BEGIN Dataset extract

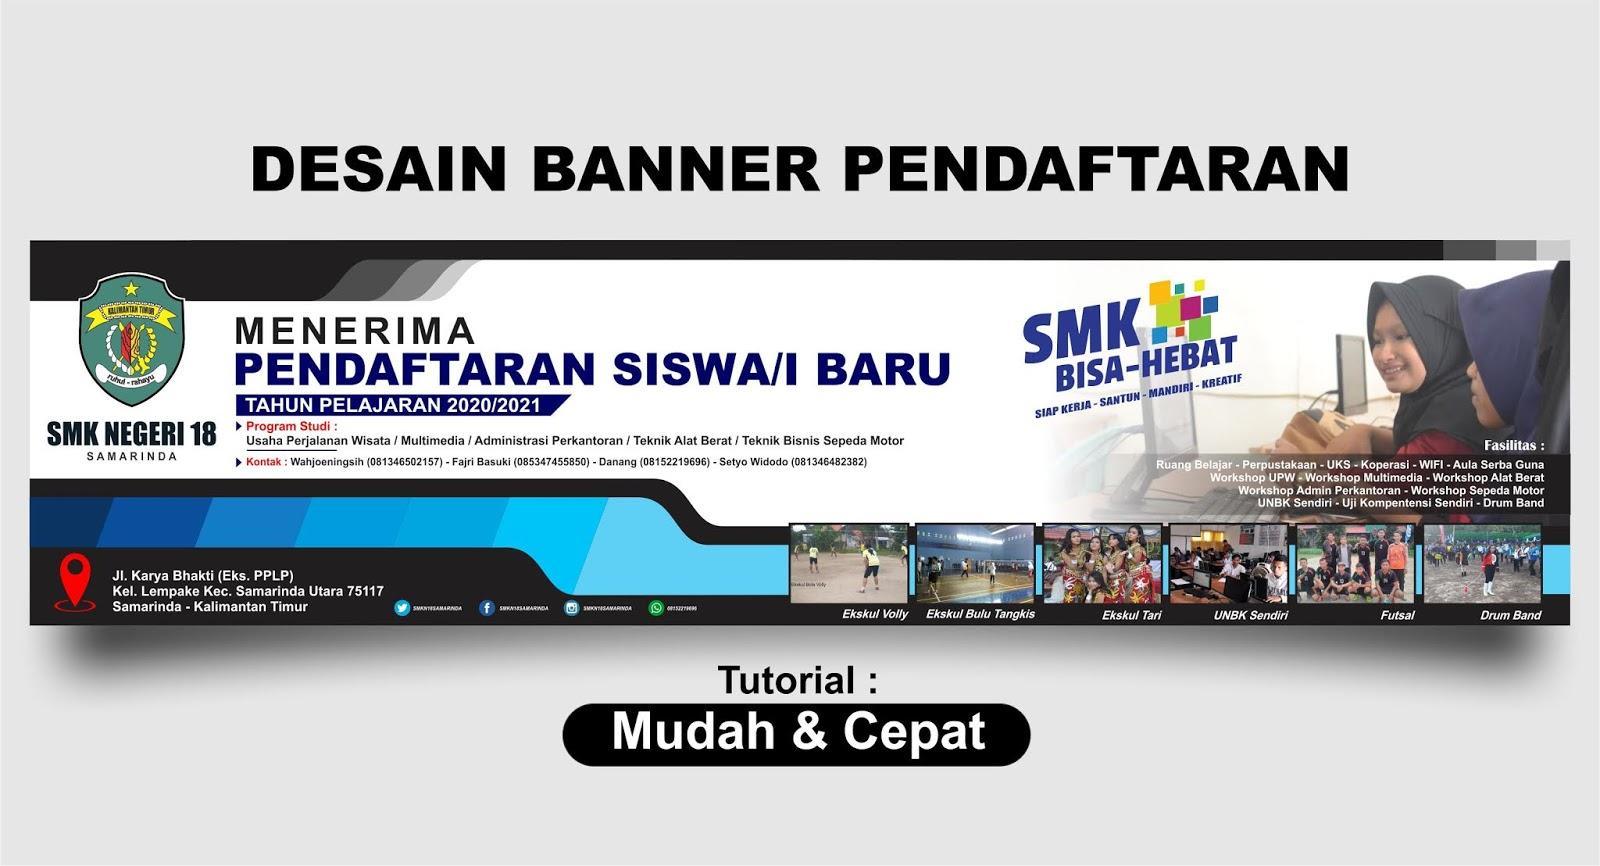 Contoh Banner Ppdb Sma Terbaru - desain spanduk keren
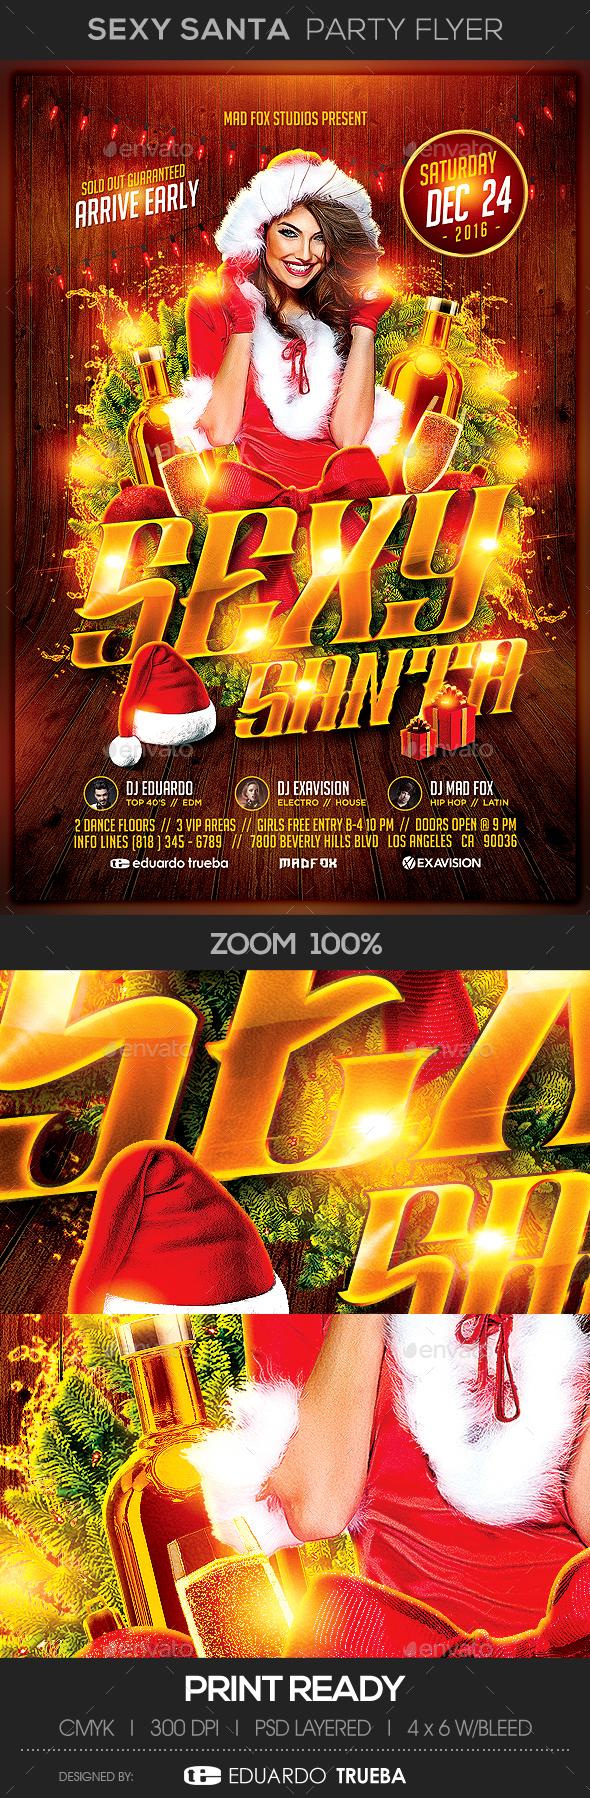 Sexy Santa Party Flyer
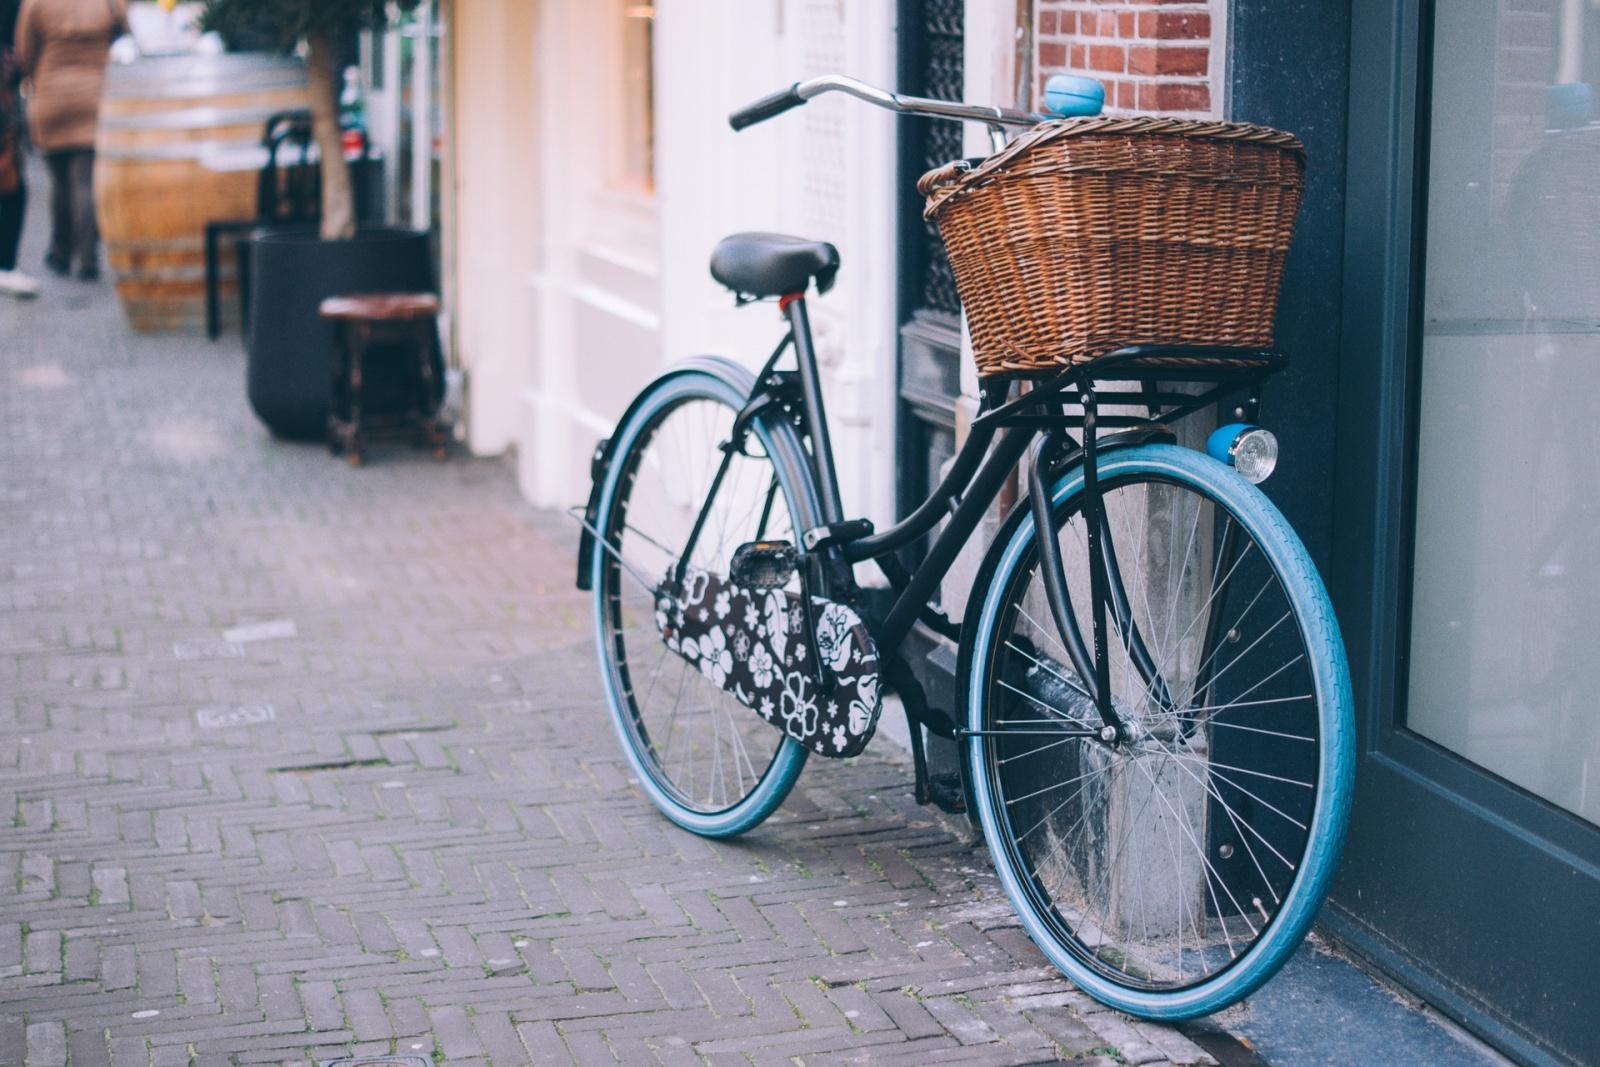 Ponad 120 tys. zł dla poszkodowanej rowerzystki
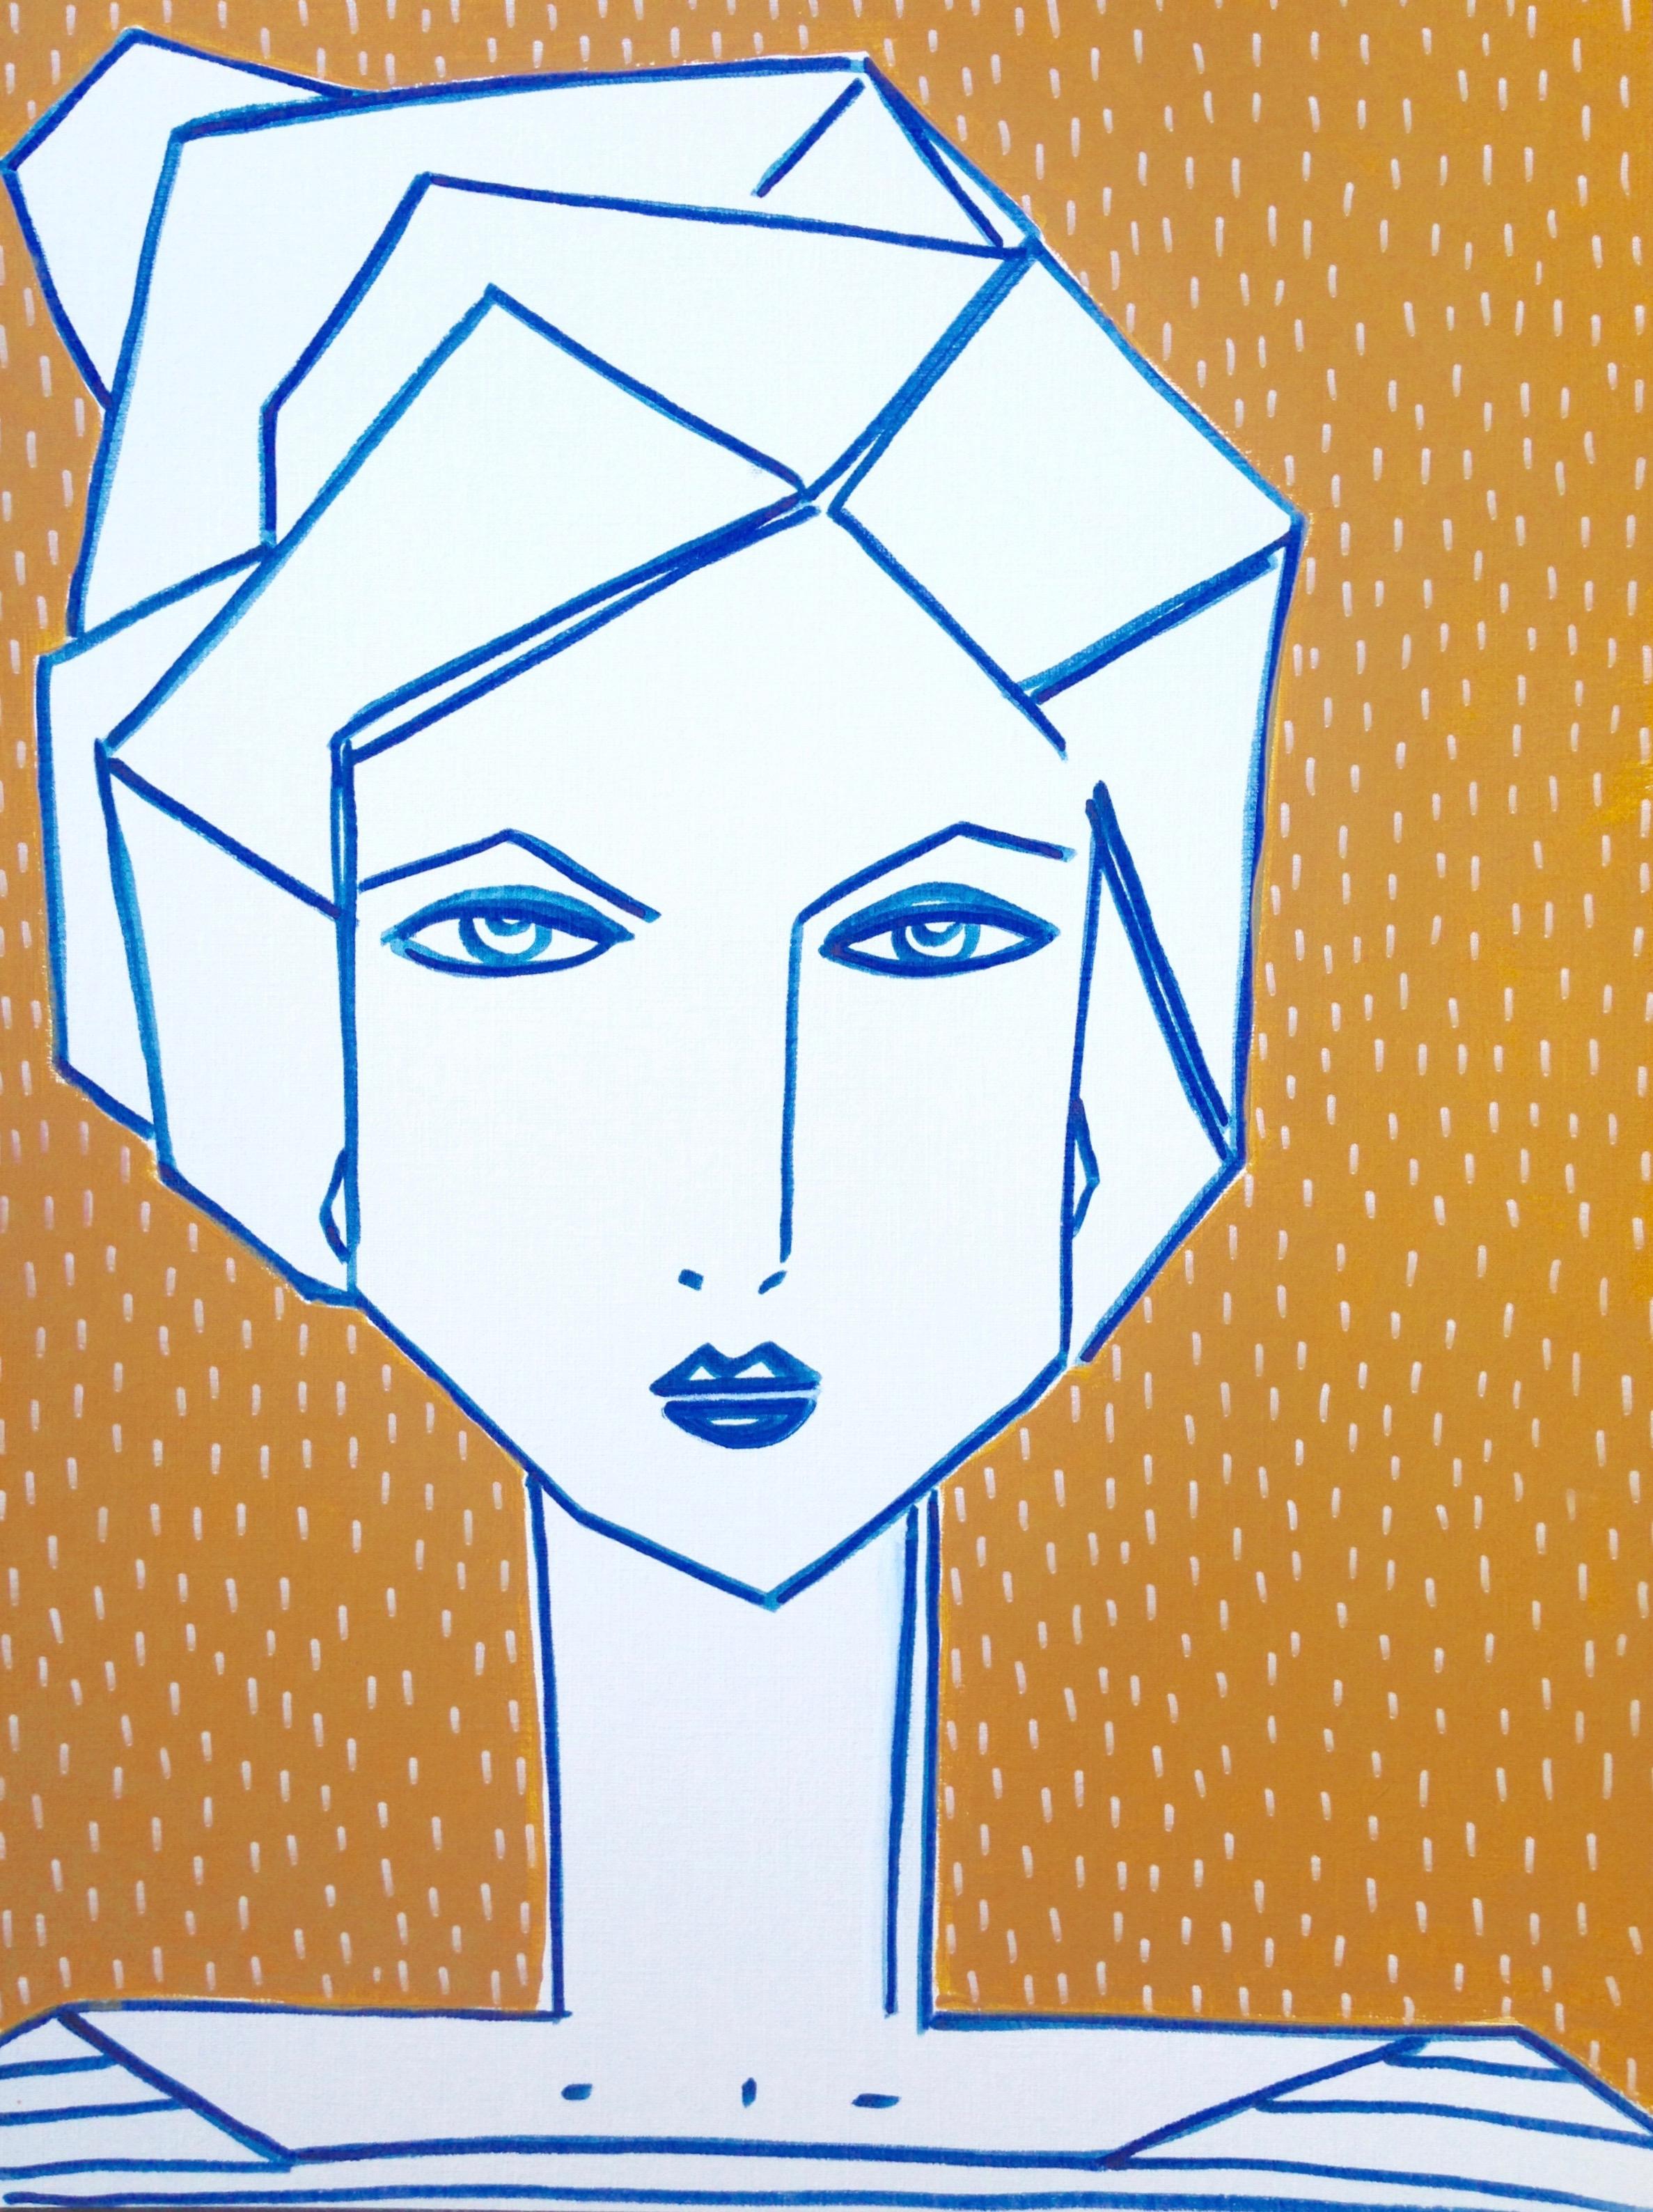 Antonia-Master-2388x3195.jpg

END Dataset extract

Every line between the one containing "Ponad 120 tys." and the end of the listing, both included, needs to be retyped exactly, minus the pictures.

Expected answer>
 Ponad 120 tys. zł dla poszkodowanej rowerzystki
 Antonia-Master-2388x3195.jpg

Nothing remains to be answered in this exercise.